Perhaps somewhat predictably, Teddy Girls (a term that seems to be used as a catch-all for delinquent youth with no apparent connection to the British subculture that spawned it) ultimately shows us that the crooked path leads to tragedy and that society is to blame. Happily, Lung Kong has the sense to balance the earnest didacticism with which these points are laid out with a corresponding level of flash and style. This is, after all, a movie that closes with Kenneth Tsang Kong delivering a lengthy lecture about the causes of delinquency (which amusingly include “those films that show brutal fighting”). So it helps that, to make that medicine go down more easily, Lung avails himself of most of those thrills that the JD genre places so closely within reach. These include, of course, brutal fighting, but also wild dancing to that devil rock and roll music, angsty teenage melodrama, and endless scenes of young actresses in Capri pants copping loads of threatening attitude. I’m also happy to report that the sobriety of the message doesn’t preclude such whimsical flourishes as the improbable, funhouse layout of Josephine’s mom’s apartment, or the arty, self conscious minimalism with which certain courtroom and funeral scenes are staged.

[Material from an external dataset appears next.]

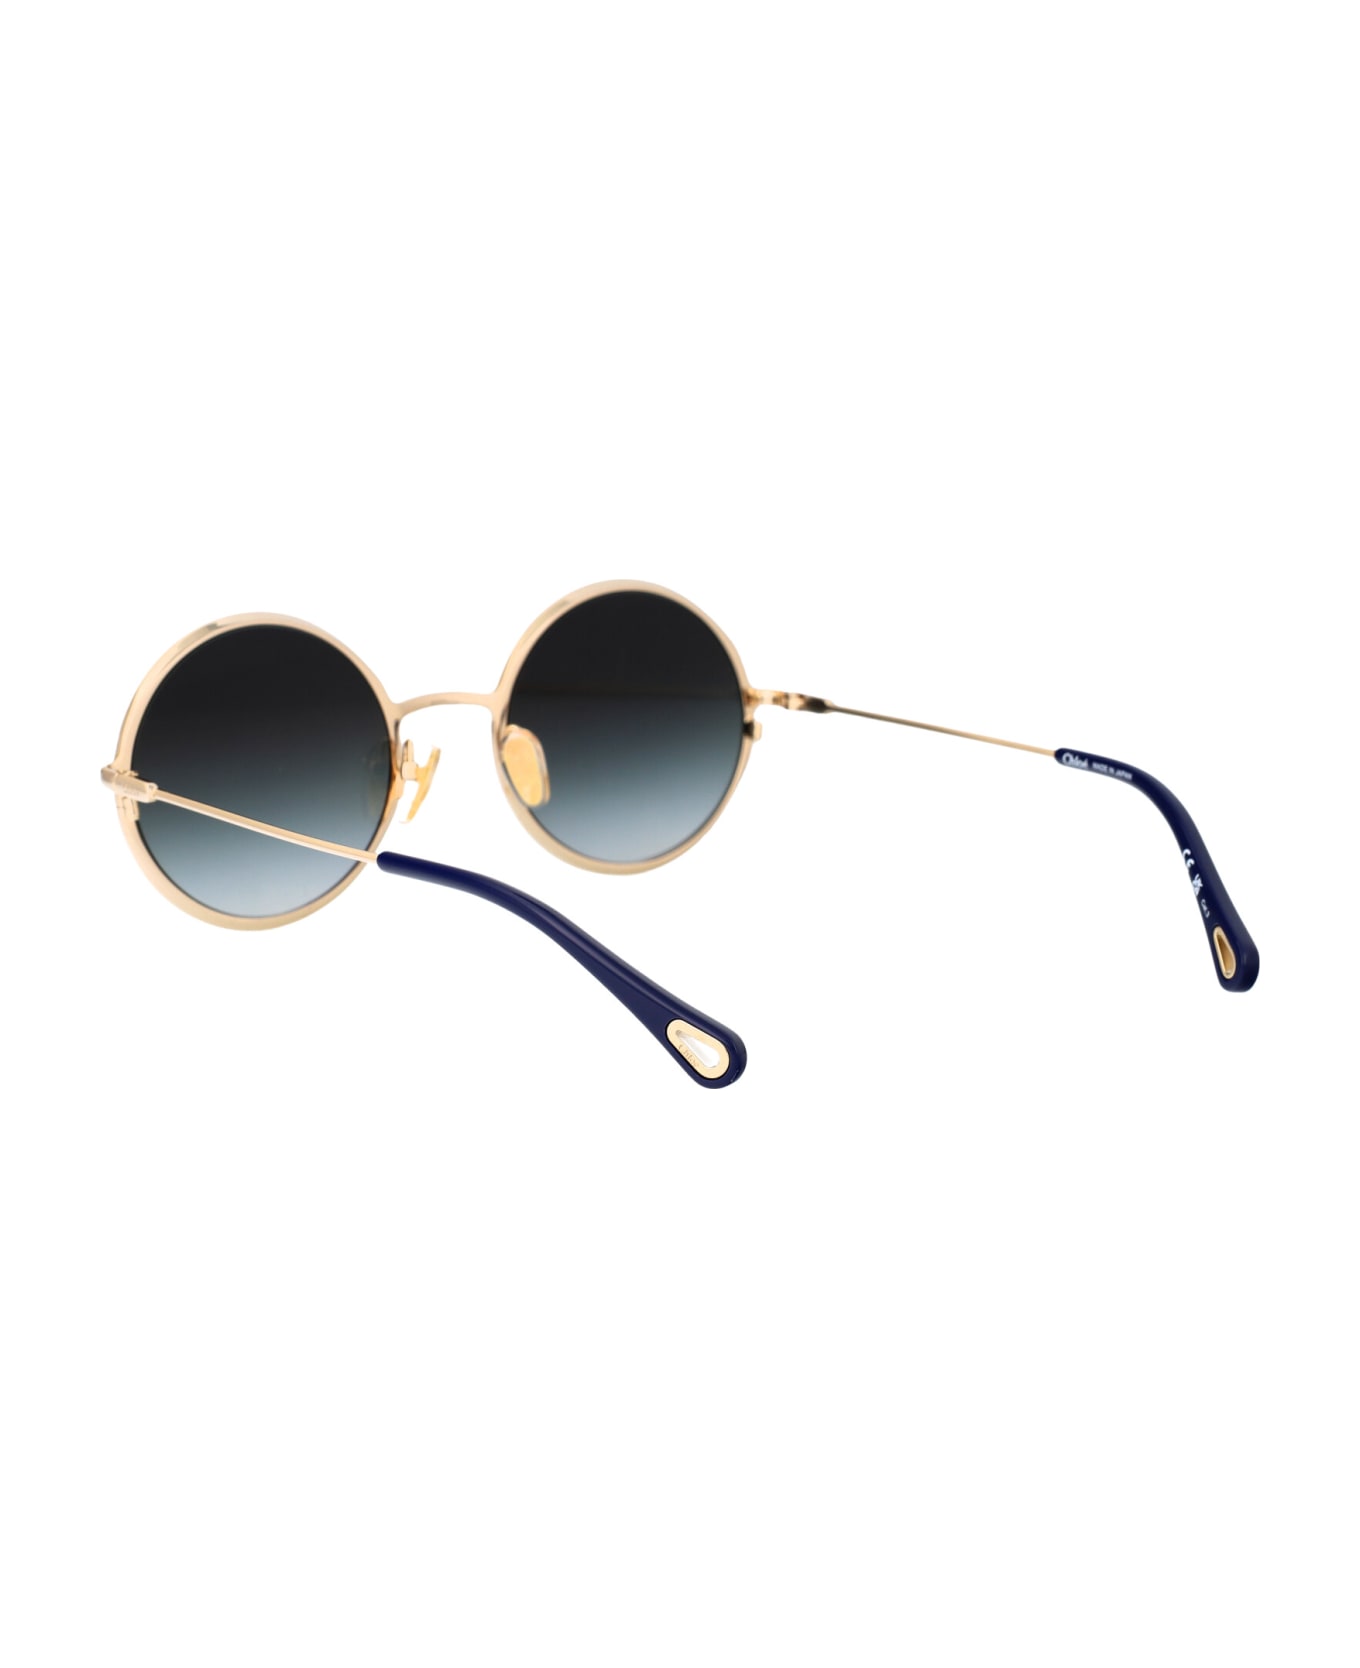 Chloé Eyewear Ch0230s Sunglasses - 004 GOLD GOLD GREY

All of which is to say that you don’t have to be of moral mind to be entertained by Teddy Girls, although the strong performances by its young leads do go a long way toward inviting our empathy and compassion. It also should be noted that the film is worthwhile for providing a window onto what may have been an abiding concern for Hong Kong society at the dawn of the 70s, especially to the extent that the causes of teddy girl-ism enumerated therein seem to be products of creeping westernization. Nonetheless, the fact is that the violent transgressions of female juvenile offenders hold an allure that no amount of high-mindedness can dampen. Certainly anyone with a conscience would hope for these girls to eventually turn their lives around and find salvation, but that doesn’t mean that we don’t also want to watch them break stuff along the way.